Aos 67 anos, é com carinho e um brilho nos olhos que Denis Murrell fala da cidade onde inspirou e foi inspirado, dos alunos e do futuro. Não vive da arte mas vive com arte. “Tenho muitos amigos locais, especialmente chineses, sou convidado para casamentos e aniversários”, conta, divertido. Os presentes são geralmente pinturas.

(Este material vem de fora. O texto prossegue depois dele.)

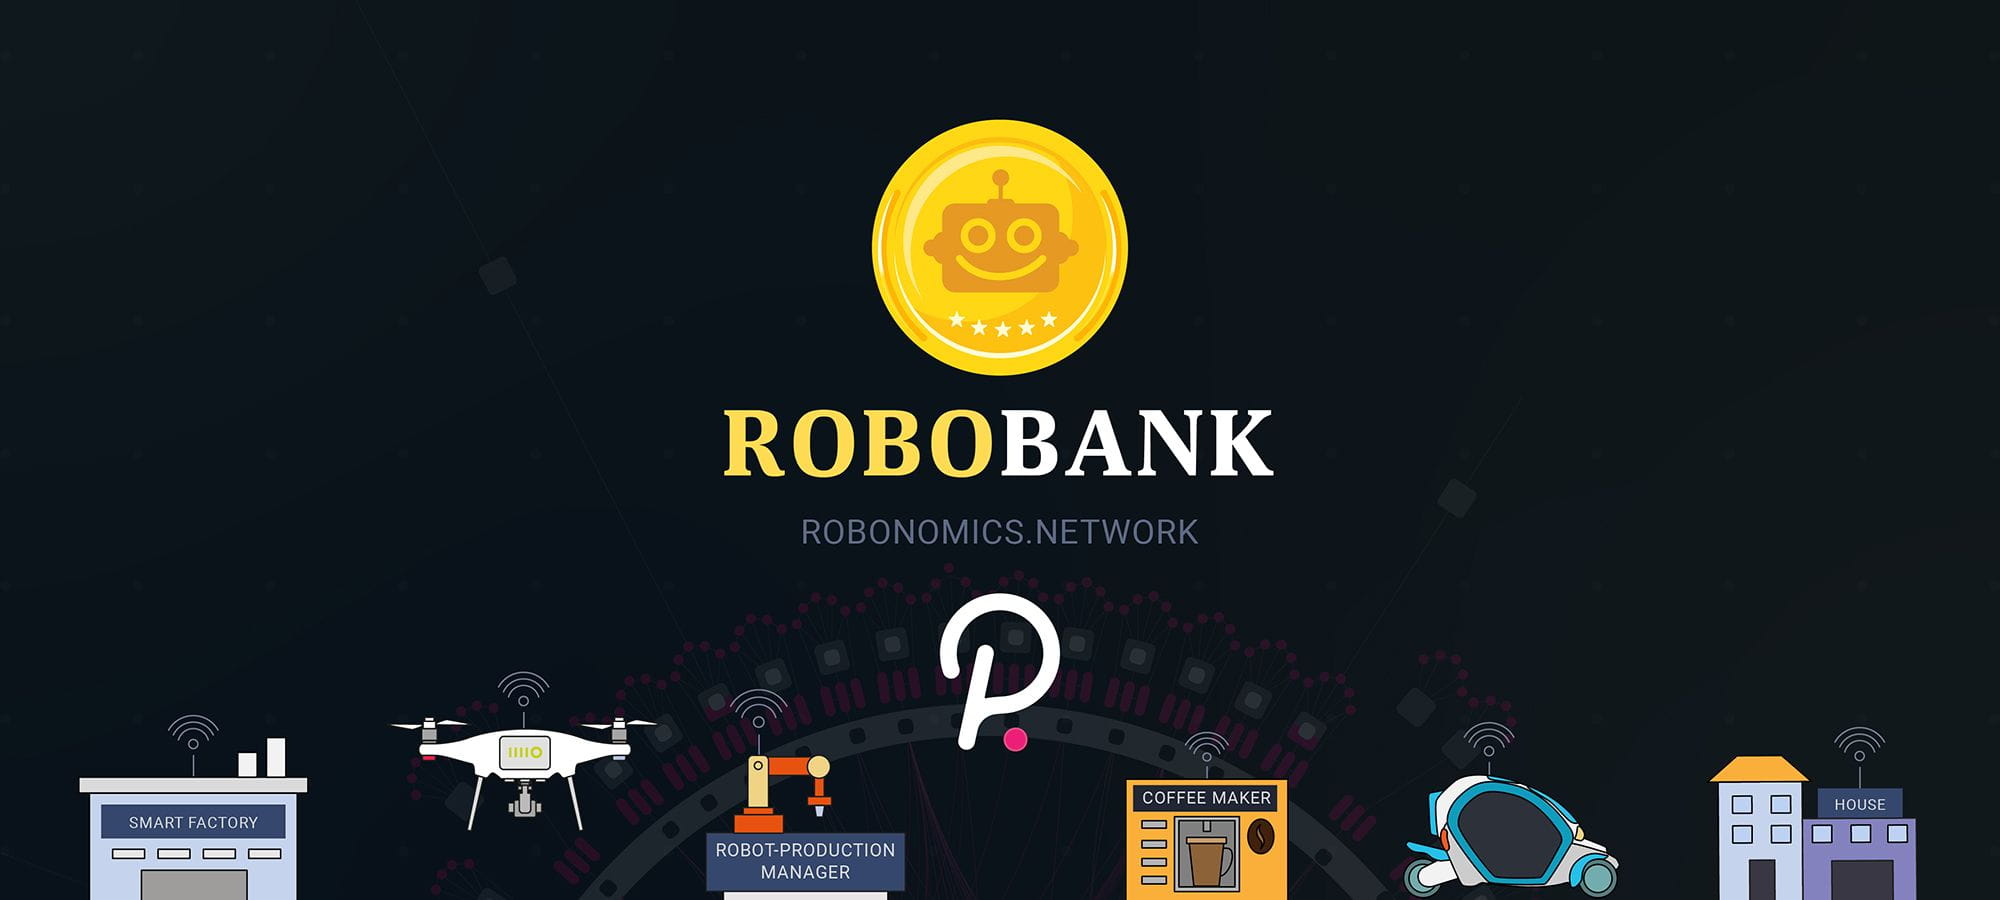 Robobank. Accept any Polkadot token in automation services

Mas e agora que vários jovens fazem quadros iguais aos seus? “Não me fará clientes, eles não têm a minha experiência, vão ser sempre diferentes e à medida que o tempo passar vão mudando de estilo.” Não tivessem tantos outros mestres inspirado novos artistas e criado correntes no passado, por isso o pintor pretende continuar a ensinar não só pelo prazer como pela perpetuação da técnica. “Não vim para Macau para ser rico, se vender o número de quadros suficientes para viver sou um homem feliz”, diz.

Mas e se fosse rico? “Gostava de financiar as escolas mais pobres para que tivessem departamentos artísticos. Algumas precisam de edifícios melhores, gostava de lhes dar dinheiro para isso e para financiar bolsas de estudo aos meus alunos para estudarem no estrangeiro.”

Denis Murrell tem na calha mais oficinas no Museu de Arte e foi convidado para leccionar um curso na Universidade de Ciência e Tecnologia. Em 2016 vai ter uma exposição individual no Centro UNESCO de Macau.